* [YOUR OBJECTIVE] Using the listing below, print exactly everything from the line with "Penthouse Magazine March" down to the line with "Jimier Internal 36", both included, and nothing more.

* [EXERCISE DATA]
=-=-=

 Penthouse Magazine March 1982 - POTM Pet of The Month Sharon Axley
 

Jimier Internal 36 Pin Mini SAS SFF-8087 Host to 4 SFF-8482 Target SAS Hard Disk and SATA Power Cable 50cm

=-=-=

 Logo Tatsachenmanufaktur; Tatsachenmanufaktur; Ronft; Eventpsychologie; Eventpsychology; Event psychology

=-=-=

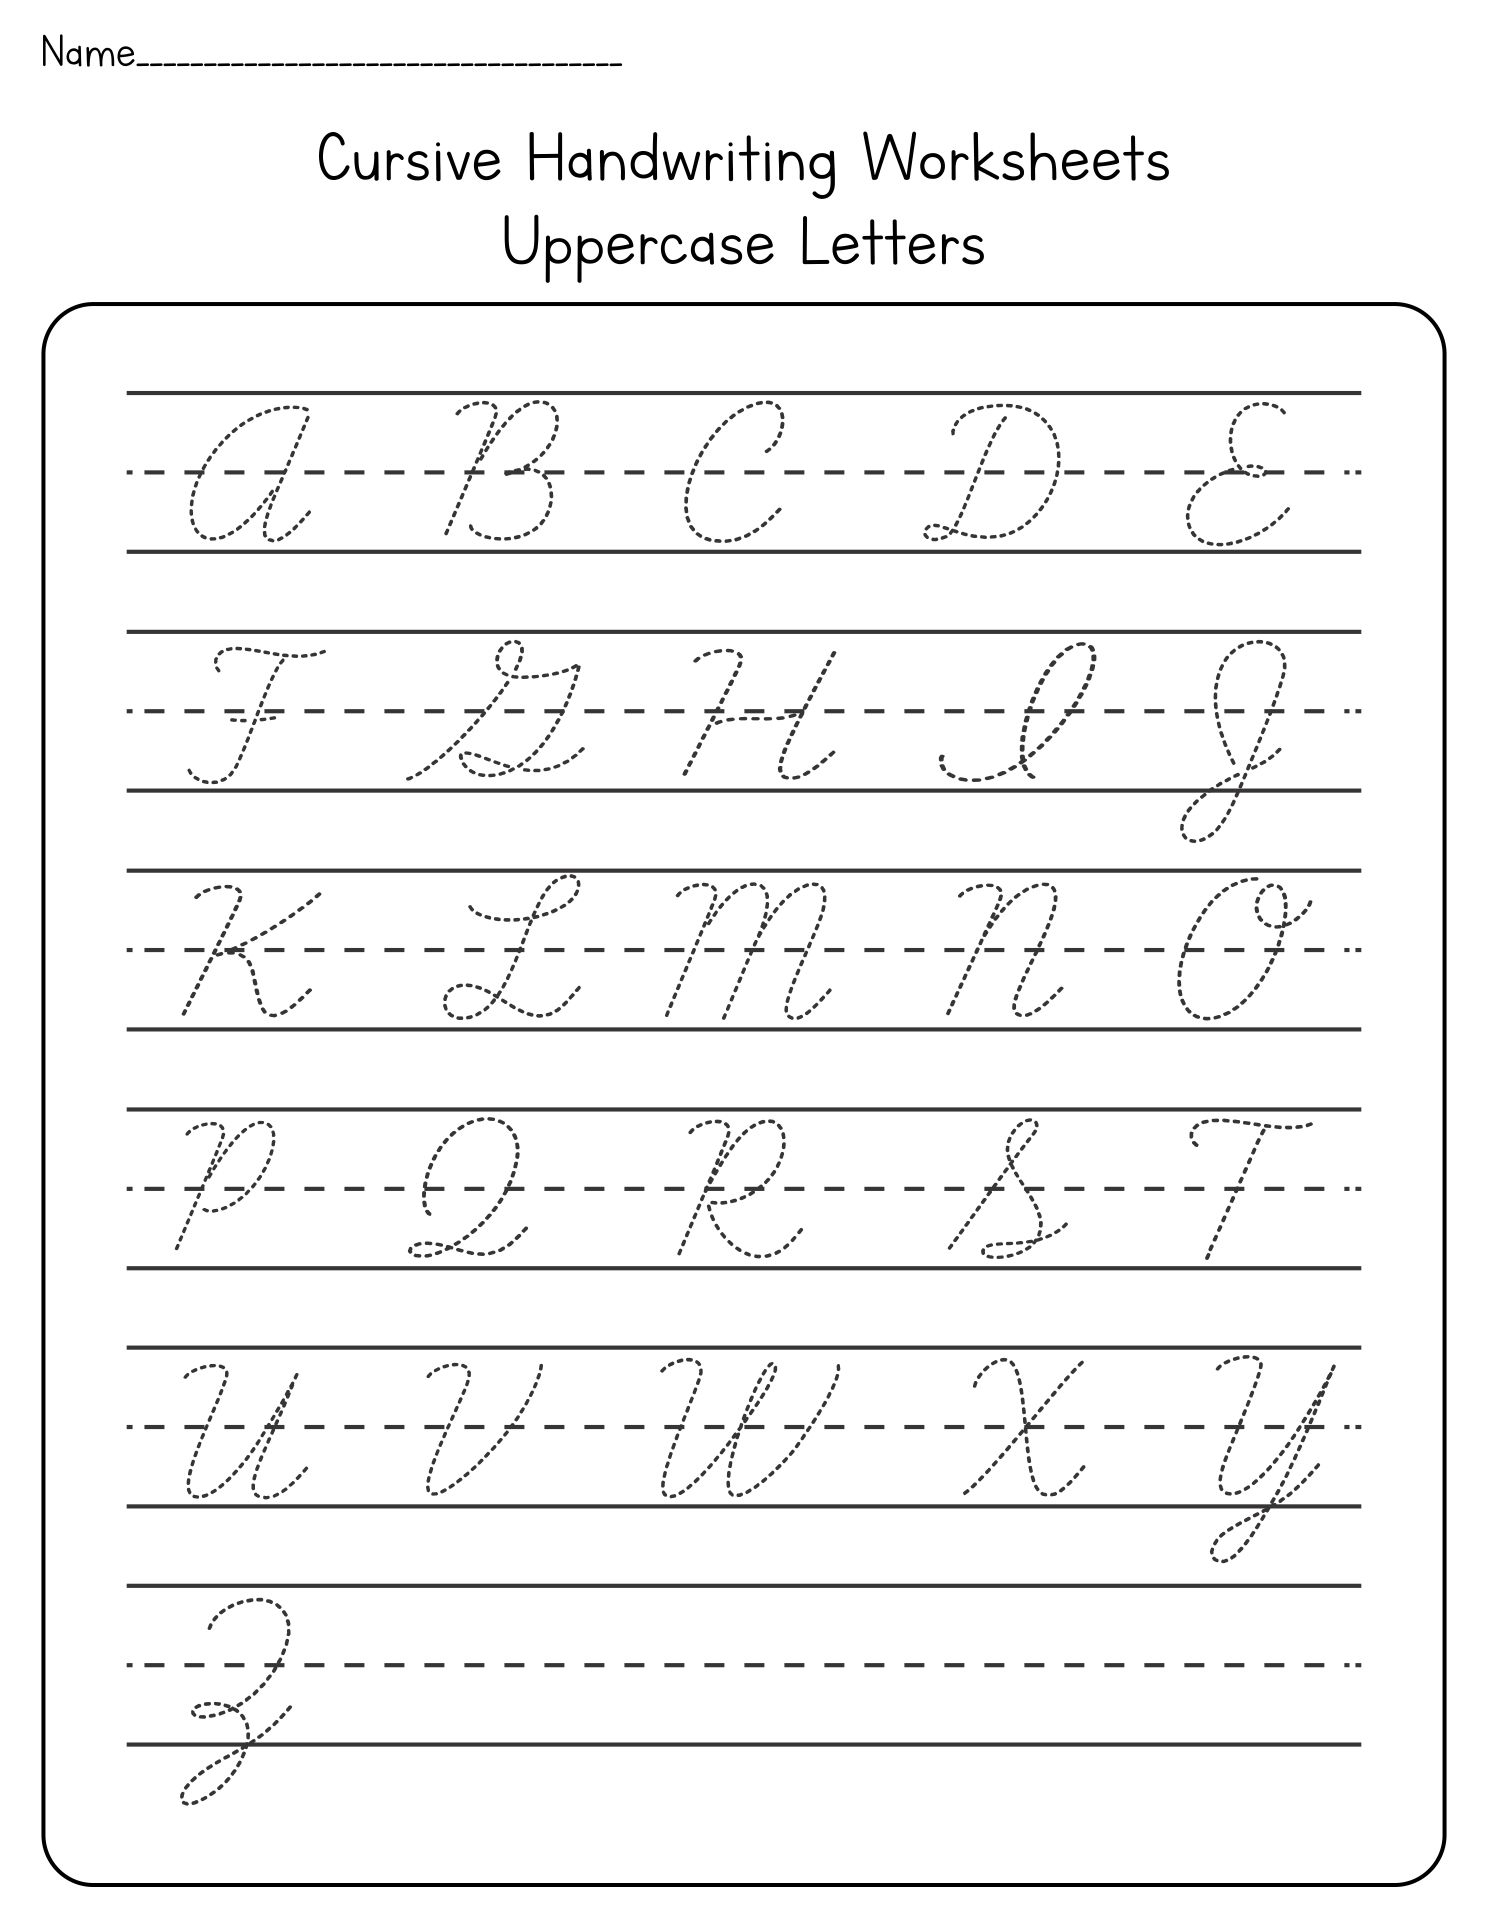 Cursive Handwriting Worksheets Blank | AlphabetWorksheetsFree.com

=-=-=

* [FINAL ANSWER]
 Penthouse Magazine March 1982 - POTM Pet of The Month Sharon Axley
 

Jimier Internal 36 Pin Mini SAS SFF-8087 Host to 4 SFF-8482 Target SAS Hard Disk and SATA Power Cable 50cm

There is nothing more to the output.